__The data__
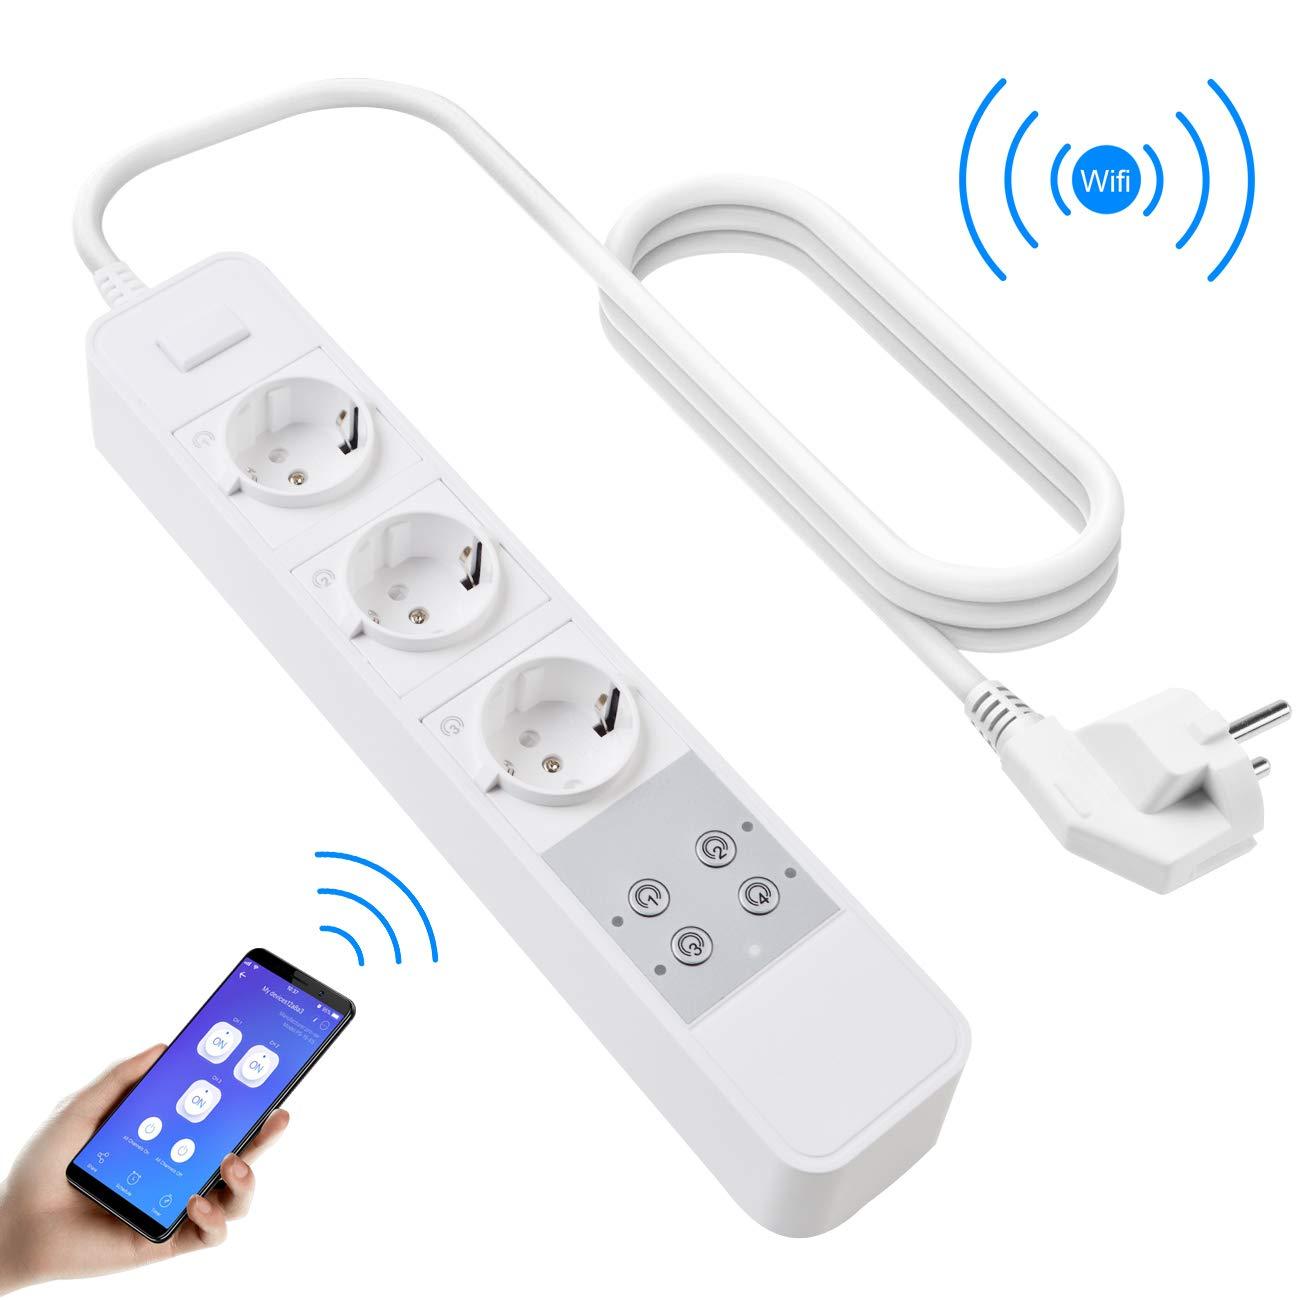 Docooler Sonoff S20 WiFi Commutateur de Prise de Courant WiFi APP sans Fil Prise de Sortie /à Distance Commutateur de synchronisation pour Smart Home Work avec Alexa
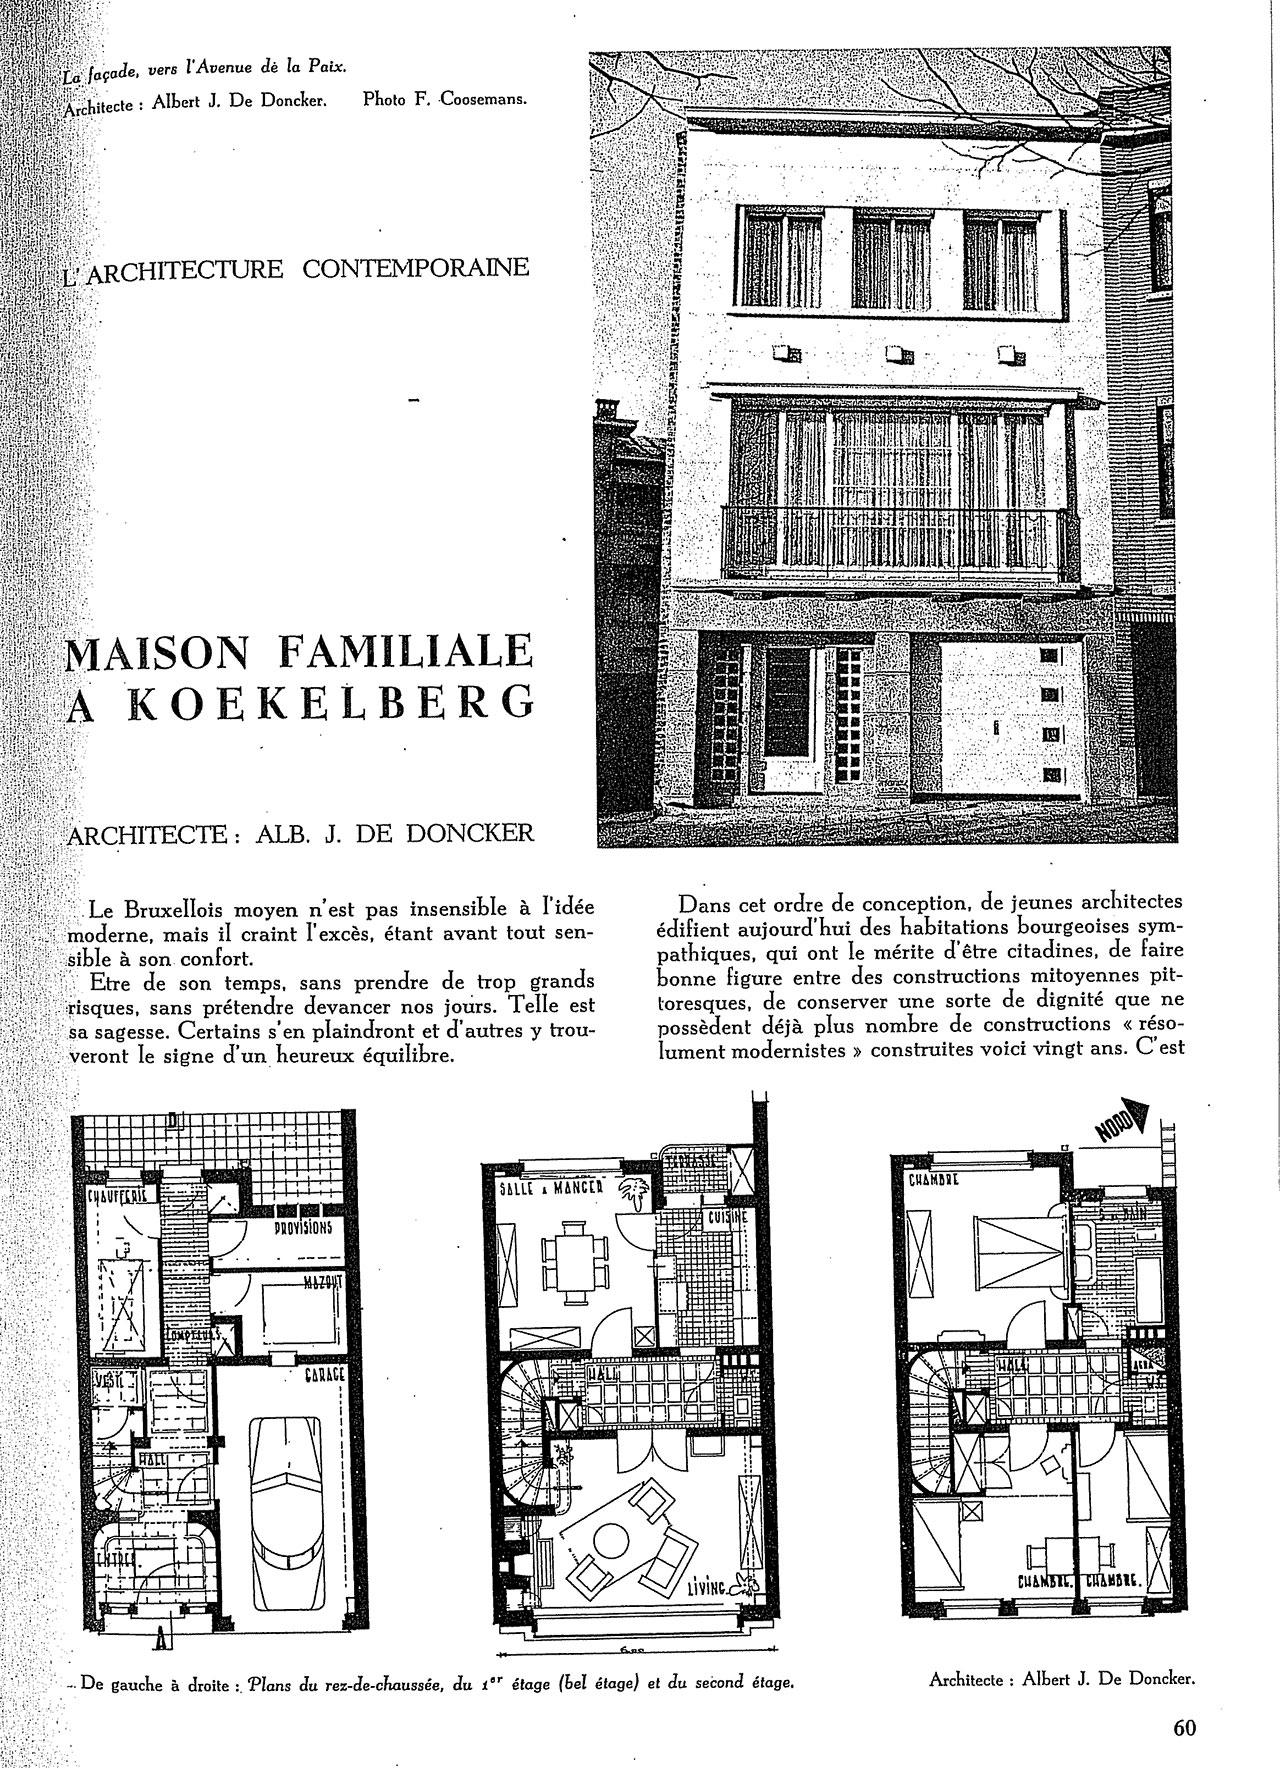 Maison familiale à Koekelberg
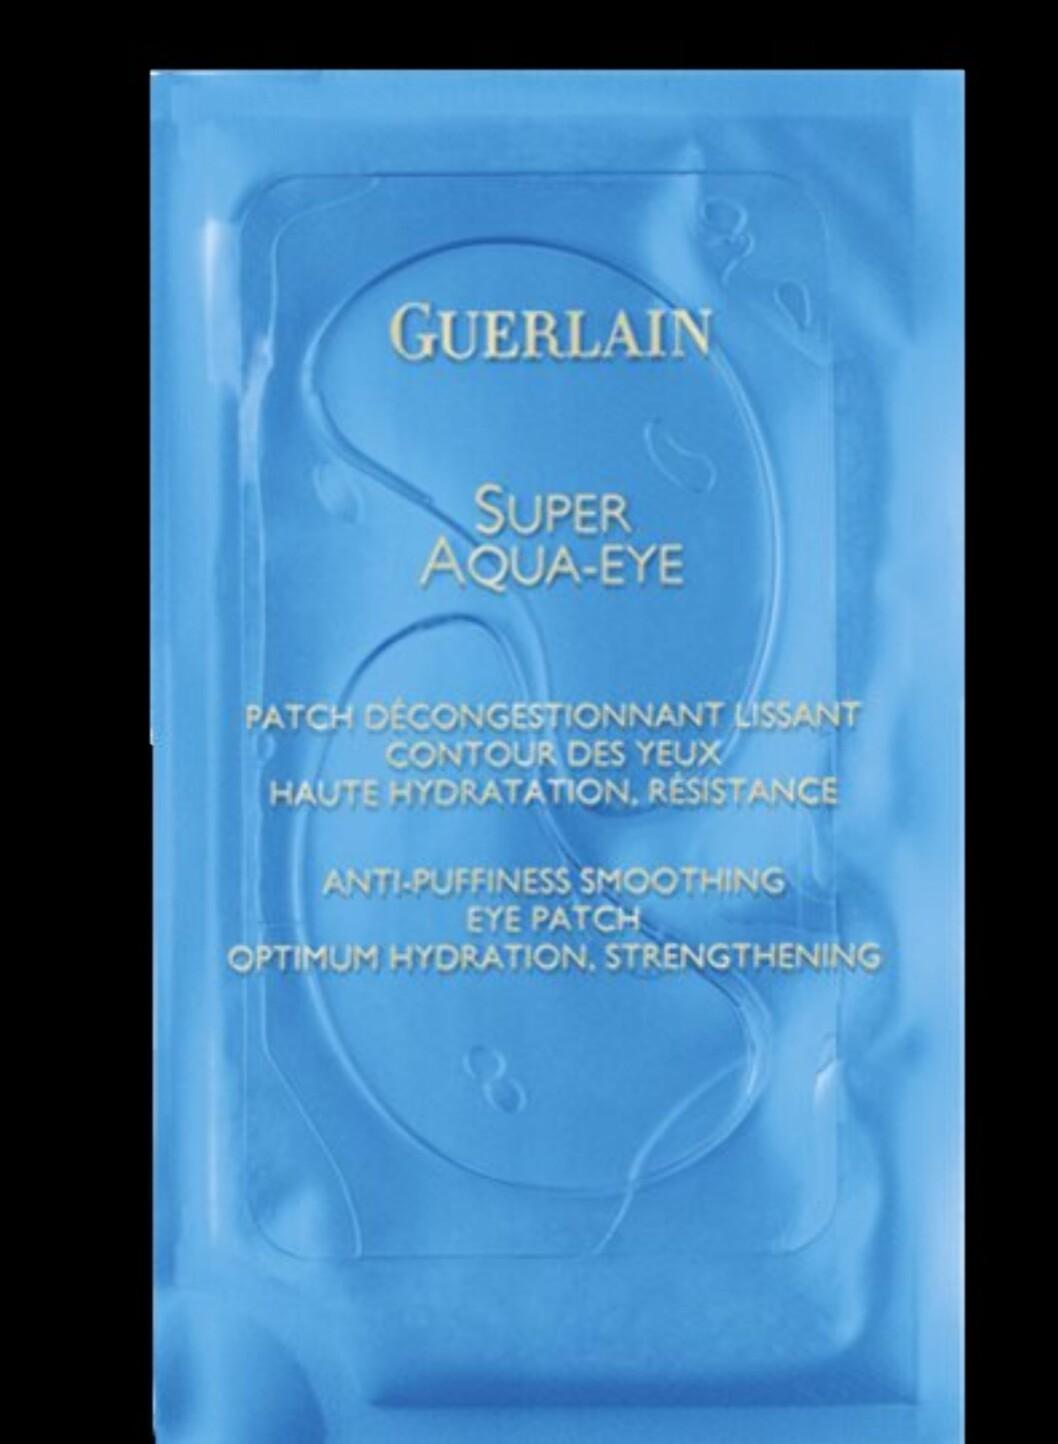 Super Aqua-Eye fra Guerlain gir intens fukt til øyeområdet og brukes gjerne sammen med ansiktsmasken i samme serie. (6 stk., kr 530) Foto: Produsenten

__Exercise__
Since the pictures are not wanted, transcribe only the rest of the material above, exactly as it stands.

__Answer space__
 Docooler Sonoff S20 WiFi Commutateur de Prise de Courant WiFi APP sans Fil Prise de Sortie /à Distance Commutateur de synchronisation pour Smart Home Work avec Alexa
 Maison familiale à Koekelberg
 Super Aqua-Eye fra Guerlain gir intens fukt til øyeområdet og brukes gjerne sammen med ansiktsmasken i samme serie. (6 stk., kr 530) Foto: Produsenten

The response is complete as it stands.